Llevaba un rato mirándome al espejo, pero no era consciente del tiempo. De pronto se me ocurrió que mi vida se me iba, se me escapaba. Quizá fue por el agua que del mismo modo iba cayendo desde mis manos sin que yo pudiera hacer nada por evitarlo. ¿Qué me está pasando? ¿Por qué me veo raro? Estaba confundido. El sueño y el cansancio acumulados en el cuerpo no me dejaban pensar con claridad.

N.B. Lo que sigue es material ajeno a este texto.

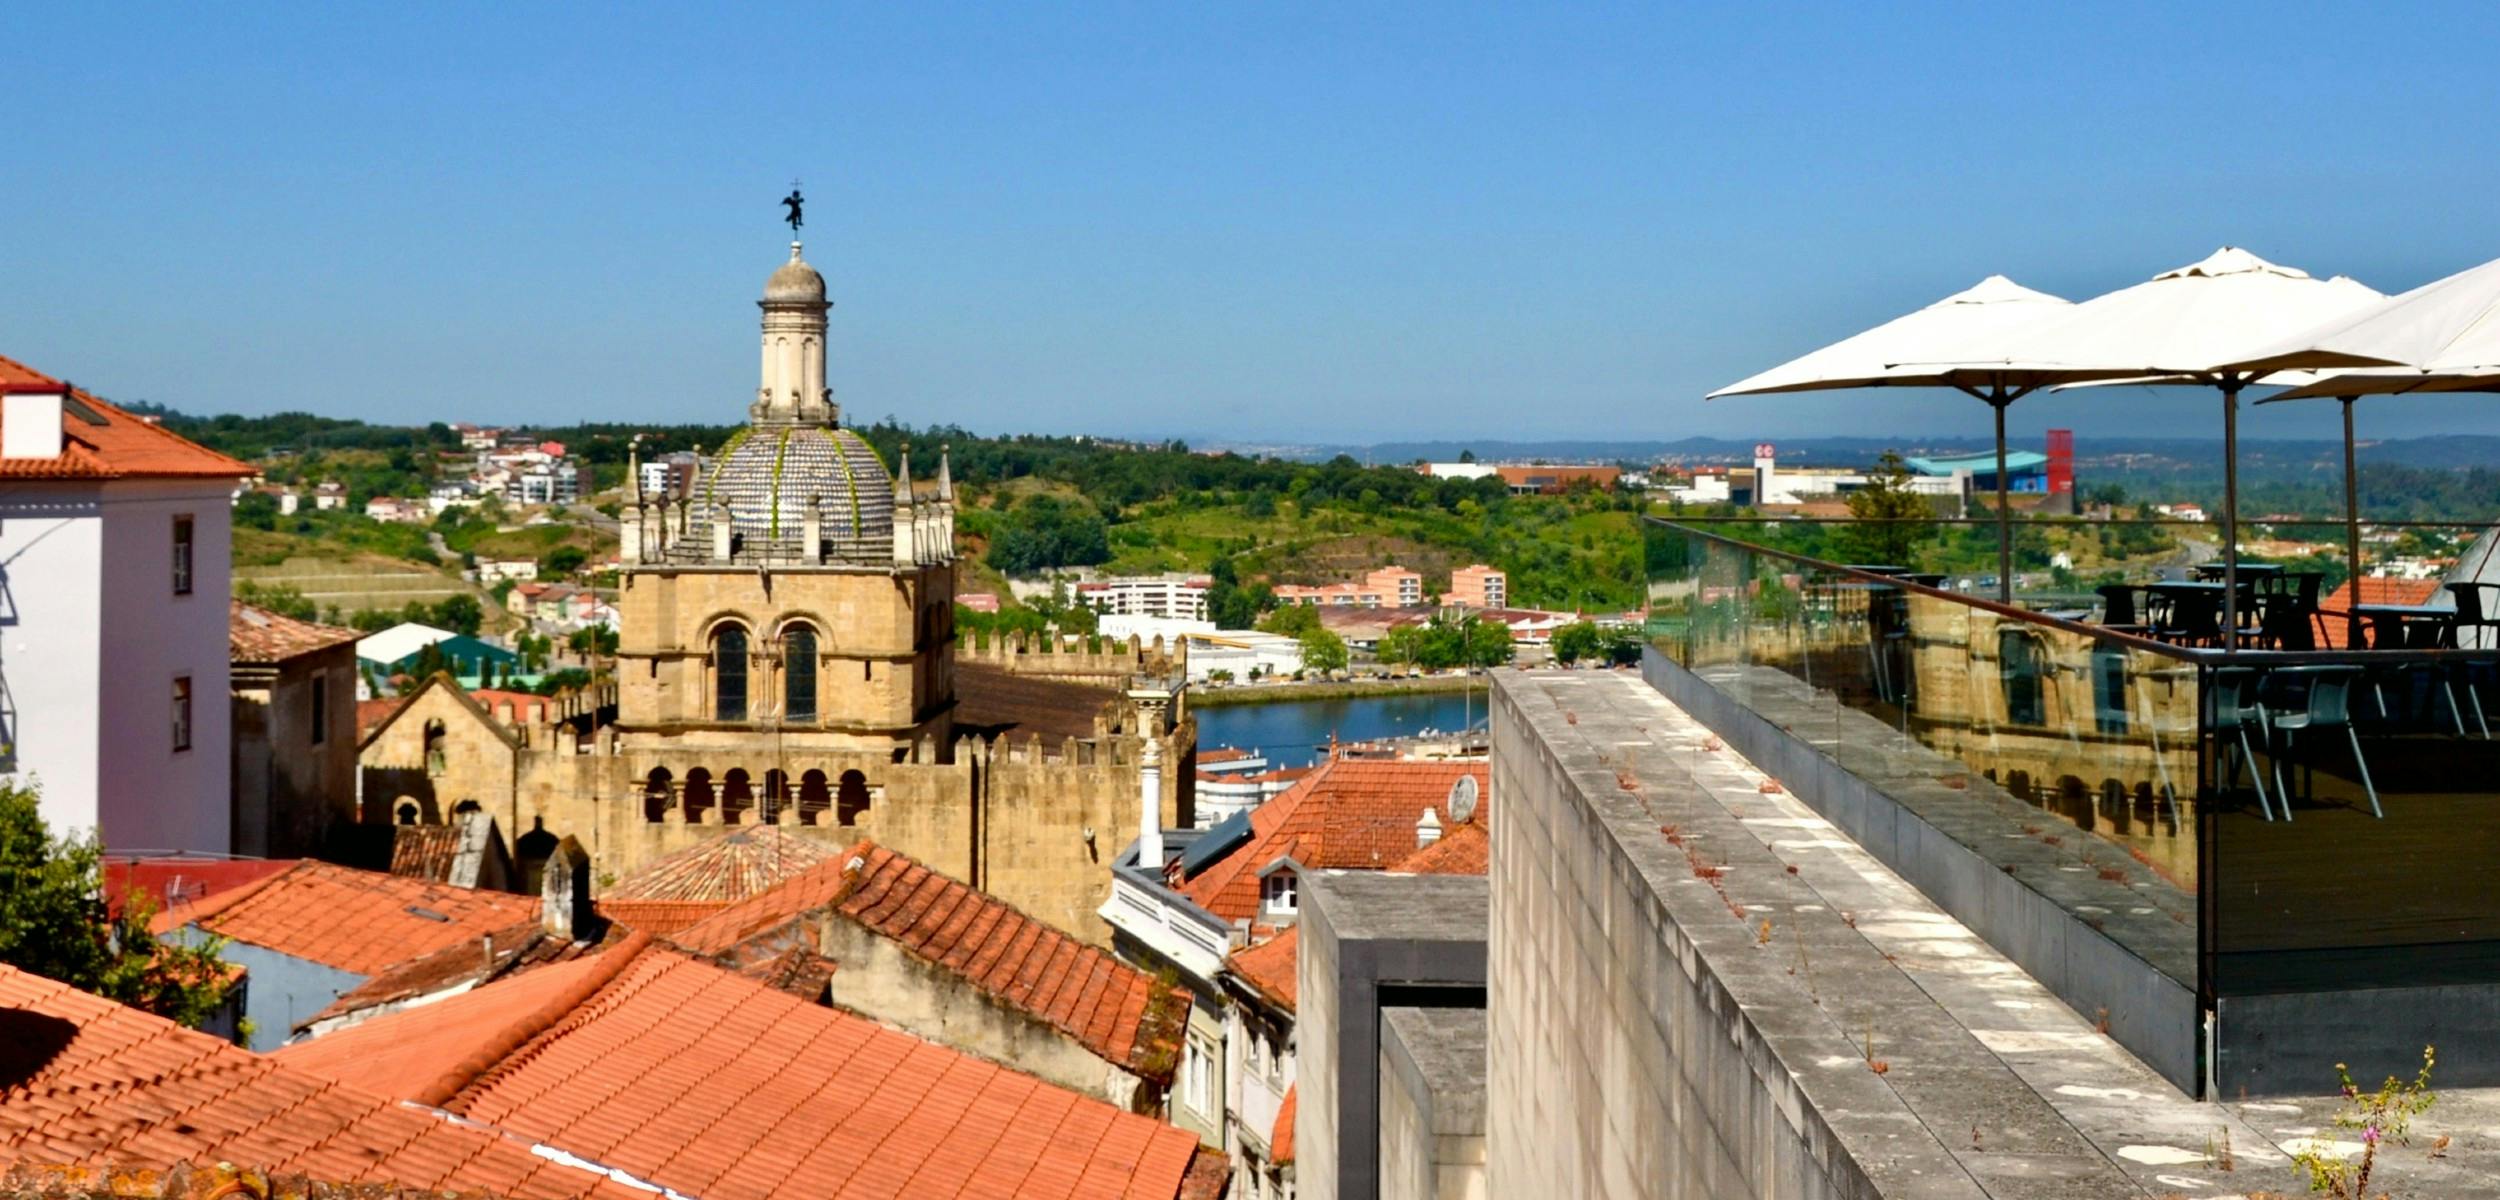 Caminhada de descoberta autoguiada das catedrais de Coimbra e dos copos-de-leite
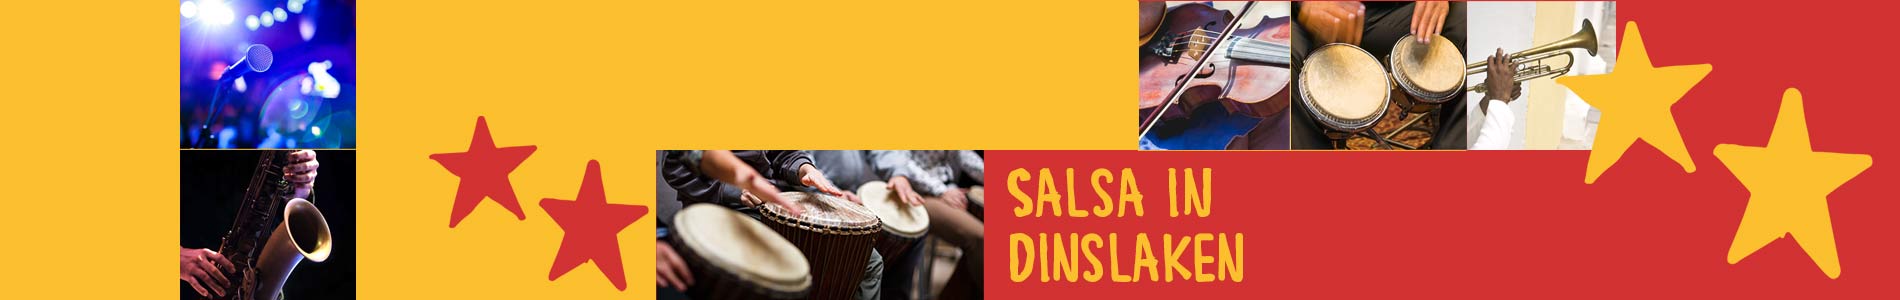 Salsa in Dinslaken – Salsa lernen und tanzen, Tanzkurse, Partys, Veranstaltungen

Haciendo un movimiento casi instintivo me aparté del espejo. Me  volví hacia mi habitación y cuando miré la cama recordé porqué ya nunca volvería a verme como hasta ahora siempre me había conocido. Me dieron ganas de mirar de nuevo hacia el espejo y contemplar para ver si era sólo mi imaginación pero, al mismo tiempo, me dio miedo descubrir la realidad. Enseguida comprendí que el espejo no era sólo un reflejo de mi imagen. Lo era también de mi vida. Y a mi vida le faltaba algo: mi mujer.

 



            Pero me niego a pensar que se haya ido para siempre. No puede ser. Siempre he creído en Dios y estoy seguro de que está con Él, riéndose de mi tristeza. Debería alegrarme por ella, pero no lo consigo. Y me niego a quedarme sólo con su recuerdo. No. Ella está conmigo de algún modo, no sé cómo, pero está. Tiene que ser así. ¿Acaso la muerte puede vencer al amor? No lo creo. Si fuera así, amar no tendría sentido. Al menos para mí. No, yo creo que la muerte no nos puede separar. Quizá físicamente sí. Pero no puede separar mi espíritu del de María. Sencillamente porque si fuera así, yo ya habría muerto. Sería quitarme más de la mitad de mi vida, pues para mí María era mi vida entera. Y yo sigo vivo, aunque querría no estarlo para poder volver junto a ella.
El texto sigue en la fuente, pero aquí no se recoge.